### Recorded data
>>>>

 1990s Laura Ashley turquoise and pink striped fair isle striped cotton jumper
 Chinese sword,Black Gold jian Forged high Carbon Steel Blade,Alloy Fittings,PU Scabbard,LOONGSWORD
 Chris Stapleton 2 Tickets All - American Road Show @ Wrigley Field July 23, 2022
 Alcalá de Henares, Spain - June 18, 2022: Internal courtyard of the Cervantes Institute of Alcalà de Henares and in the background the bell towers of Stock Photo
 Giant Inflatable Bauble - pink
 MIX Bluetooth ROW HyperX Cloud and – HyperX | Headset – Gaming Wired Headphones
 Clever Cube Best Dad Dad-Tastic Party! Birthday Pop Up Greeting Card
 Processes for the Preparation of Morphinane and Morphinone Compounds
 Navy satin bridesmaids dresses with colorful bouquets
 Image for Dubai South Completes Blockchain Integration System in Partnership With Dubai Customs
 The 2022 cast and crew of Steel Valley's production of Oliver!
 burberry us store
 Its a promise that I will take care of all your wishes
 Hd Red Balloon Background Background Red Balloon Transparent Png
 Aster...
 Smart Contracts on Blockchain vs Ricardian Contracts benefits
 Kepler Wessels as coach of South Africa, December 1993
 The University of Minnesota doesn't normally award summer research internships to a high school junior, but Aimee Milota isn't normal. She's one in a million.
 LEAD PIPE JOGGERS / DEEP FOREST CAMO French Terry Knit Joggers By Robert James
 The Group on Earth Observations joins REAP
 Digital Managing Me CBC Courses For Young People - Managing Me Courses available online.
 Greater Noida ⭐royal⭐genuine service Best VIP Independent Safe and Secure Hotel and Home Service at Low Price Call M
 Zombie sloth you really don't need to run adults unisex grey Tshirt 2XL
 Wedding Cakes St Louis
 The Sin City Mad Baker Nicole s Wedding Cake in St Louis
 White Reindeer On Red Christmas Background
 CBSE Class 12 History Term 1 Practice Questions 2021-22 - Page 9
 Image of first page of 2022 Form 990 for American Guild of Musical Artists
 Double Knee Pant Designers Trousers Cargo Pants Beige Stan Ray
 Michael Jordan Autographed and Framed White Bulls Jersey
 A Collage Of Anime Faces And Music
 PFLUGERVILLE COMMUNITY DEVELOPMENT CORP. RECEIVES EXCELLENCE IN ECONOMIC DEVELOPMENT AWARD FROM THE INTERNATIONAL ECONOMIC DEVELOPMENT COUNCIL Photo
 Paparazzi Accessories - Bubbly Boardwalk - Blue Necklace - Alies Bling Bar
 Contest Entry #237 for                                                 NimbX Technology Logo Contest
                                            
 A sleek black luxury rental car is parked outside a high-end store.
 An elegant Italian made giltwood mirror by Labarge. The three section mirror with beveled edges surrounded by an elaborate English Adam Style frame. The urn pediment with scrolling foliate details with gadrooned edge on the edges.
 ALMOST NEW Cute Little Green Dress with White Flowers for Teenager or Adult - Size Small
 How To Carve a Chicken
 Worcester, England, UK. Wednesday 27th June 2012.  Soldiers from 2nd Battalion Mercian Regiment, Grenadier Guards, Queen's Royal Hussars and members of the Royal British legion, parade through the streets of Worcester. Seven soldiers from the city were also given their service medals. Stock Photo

<<<<

Copy every line of the records, leaving nothing out.

 1990s Laura Ashley turquoise and pink striped fair isle striped cotton jumper
 Chinese sword,Black Gold jian Forged high Carbon Steel Blade,Alloy Fittings,PU Scabbard,LOONGSWORD
 Chris Stapleton 2 Tickets All - American Road Show @ Wrigley Field July 23, 2022
 Alcalá de Henares, Spain - June 18, 2022: Internal courtyard of the Cervantes Institute of Alcalà de Henares and in the background the bell towers of Stock Photo
 Giant Inflatable Bauble - pink
 MIX Bluetooth ROW HyperX Cloud and – HyperX | Headset – Gaming Wired Headphones
 Clever Cube Best Dad Dad-Tastic Party! Birthday Pop Up Greeting Card
 Processes for the Preparation of Morphinane and Morphinone Compounds
 Navy satin bridesmaids dresses with colorful bouquets
 Image for Dubai South Completes Blockchain Integration System in Partnership With Dubai Customs
 The 2022 cast and crew of Steel Valley's production of Oliver!
 burberry us store
 Its a promise that I will take care of all your wishes
 Hd Red Balloon Background Background Red Balloon Transparent Png
 Aster...
 Smart Contracts on Blockchain vs Ricardian Contracts benefits
 Kepler Wessels as coach of South Africa, December 1993
 The University of Minnesota doesn't normally award summer research internships to a high school junior, but Aimee Milota isn't normal. She's one in a million.
 LEAD PIPE JOGGERS / DEEP FOREST CAMO French Terry Knit Joggers By Robert James
 The Group on Earth Observations joins REAP
 Digital Managing Me CBC Courses For Young People - Managing Me Courses available online.
 Greater Noida ⭐royal⭐genuine service Best VIP Independent Safe and Secure Hotel and Home Service at Low Price Call M
 Zombie sloth you really don't need to run adults unisex grey Tshirt 2XL
 Wedding Cakes St Louis
 The Sin City Mad Baker Nicole s Wedding Cake in St Louis
 White Reindeer On Red Christmas Background
 CBSE Class 12 History Term 1 Practice Questions 2021-22 - Page 9
 Image of first page of 2022 Form 990 for American Guild of Musical Artists
 Double Knee Pant Designers Trousers Cargo Pants Beige Stan Ray
 Michael Jordan Autographed and Framed White Bulls Jersey
 A Collage Of Anime Faces And Music
 PFLUGERVILLE COMMUNITY DEVELOPMENT CORP. RECEIVES EXCELLENCE IN ECONOMIC DEVELOPMENT AWARD FROM THE INTERNATIONAL ECONOMIC DEVELOPMENT COUNCIL Photo
 Paparazzi Accessories - Bubbly Boardwalk - Blue Necklace - Alies Bling Bar
 Contest Entry #237 for                                                 NimbX Technology Logo Contest
                                            
 A sleek black luxury rental car is parked outside a high-end store.
 An elegant Italian made giltwood mirror by Labarge. The three section mirror with beveled edges surrounded by an elaborate English Adam Style frame. The urn pediment with scrolling foliate details with gadrooned edge on the edges.
 ALMOST NEW Cute Little Green Dress with White Flowers for Teenager or Adult - Size Small
 How To Carve a Chicken
 Worcester, England, UK. Wednesday 27th June 2012.  Soldiers from 2nd Battalion Mercian Regiment, Grenadier Guards, Queen's Royal Hussars and members of the Royal British legion, parade through the streets of Worcester. Seven soldiers from the city were also given their service medals. Stock Photo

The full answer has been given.